The aircraft was designed by French designer Yves Gardan during the 1950s. In 1960, Sud Aviation acquired from Gardan a licence to build the design. The prototype first flew on 21 July 1960, and the aircraft was initially produced by Sud Aviation at Nantes and Rochefort. Sud Aviation later acquired the bankrupt Morane-Saulnier aircraft company, and in 1966 formed the subsidiary SOCATA to continue production of the Morane-Saulnier Rallye; however, Sud Aviation soon transferred production of its other general aviation aircraft to SOCATA as well. Sud Aviation and its SOCATA subsidiary manufactured 273 units by the end of 1974, when production was terminated.

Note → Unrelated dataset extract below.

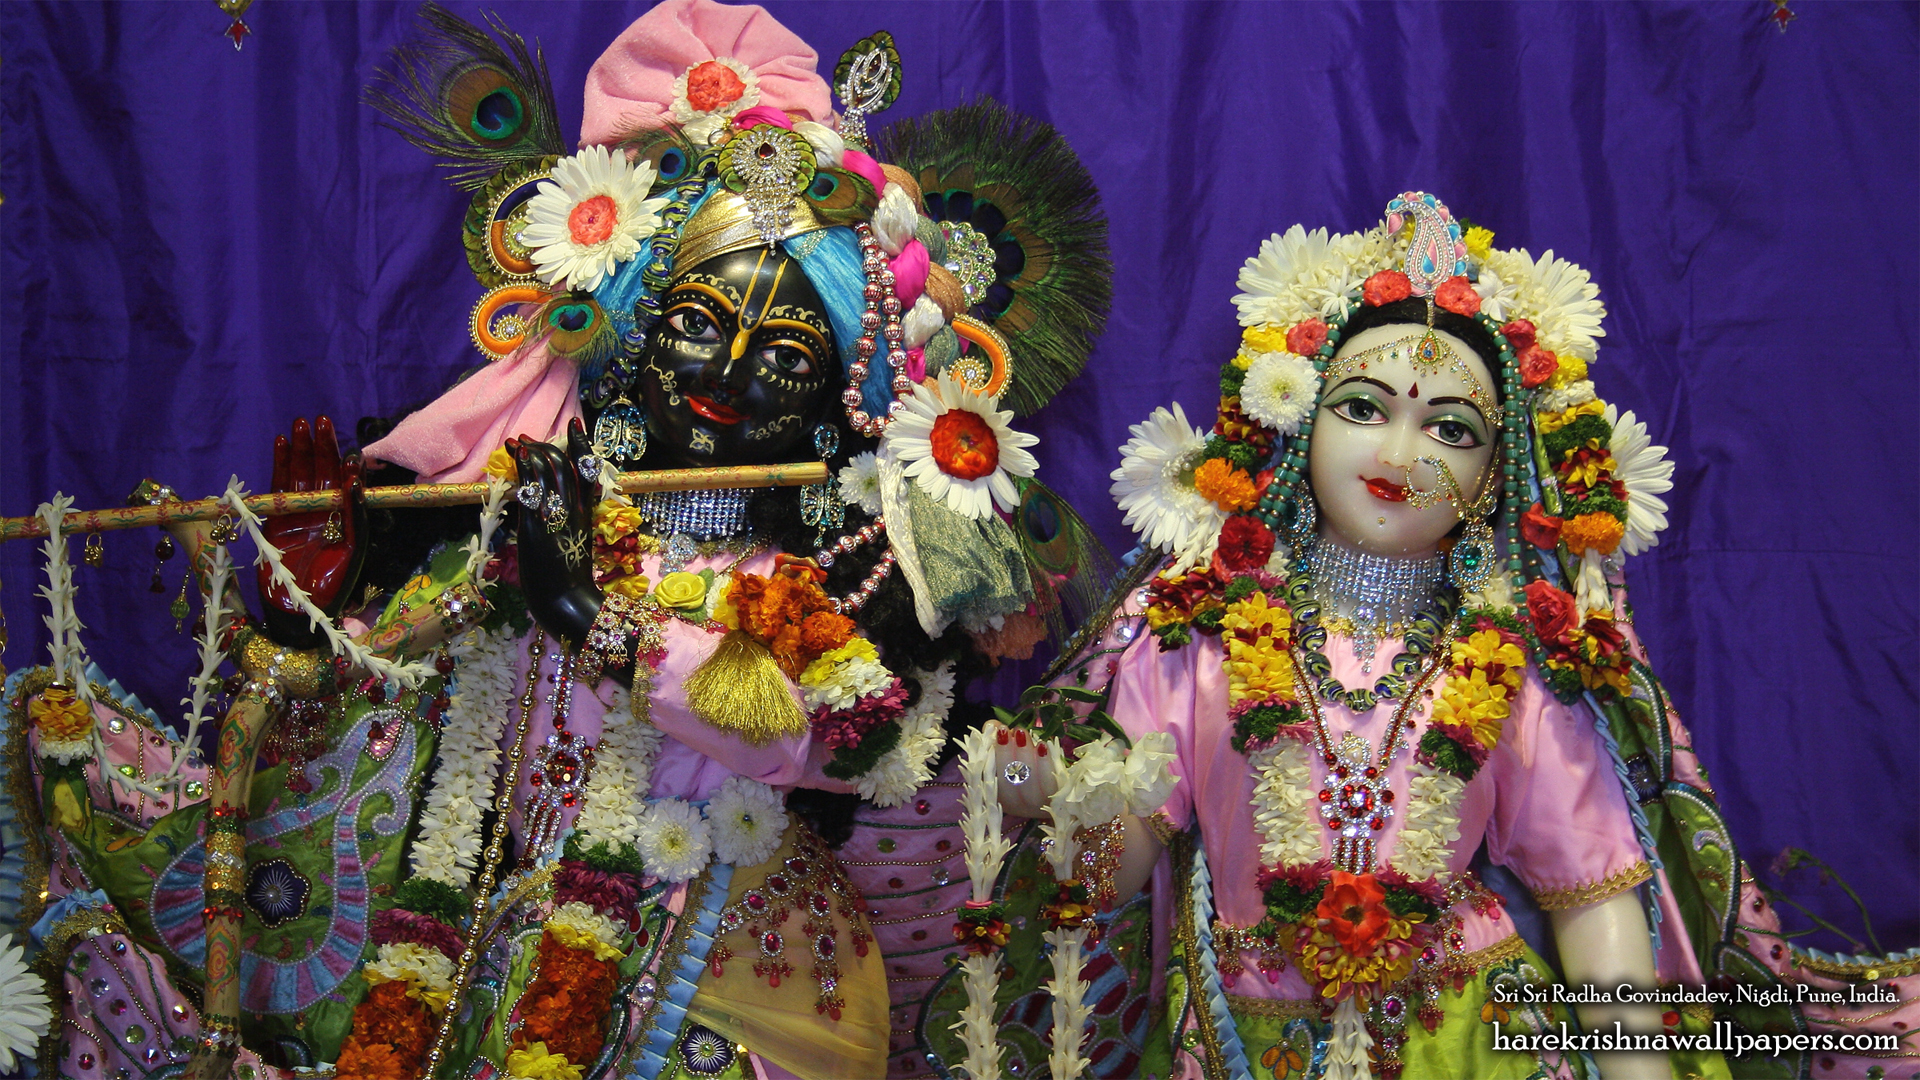 Sri Sri Radha Govind Close up Wallpaper (012) Size 1920x1080 Download

The all-metal design has a low-mounted cantilever wing with four mechanically operated Fowler-type trailing-edge flaps and two Frise-type ailerons. The tricycle landing gear partially retracts, with all wheels retracting rearwards. The first prototype used a 150 hp Avco Lycoming O-320 flat air-cooled engine driving a fixed-pitch metal propeller, with production aircraft using this engine or a 160 hp version of the O-320, and had an option to use a constant speed propeller. By 1966, a 180 hp Lycoming O-360 engine was available, and the 150 hp option was removed by 1967.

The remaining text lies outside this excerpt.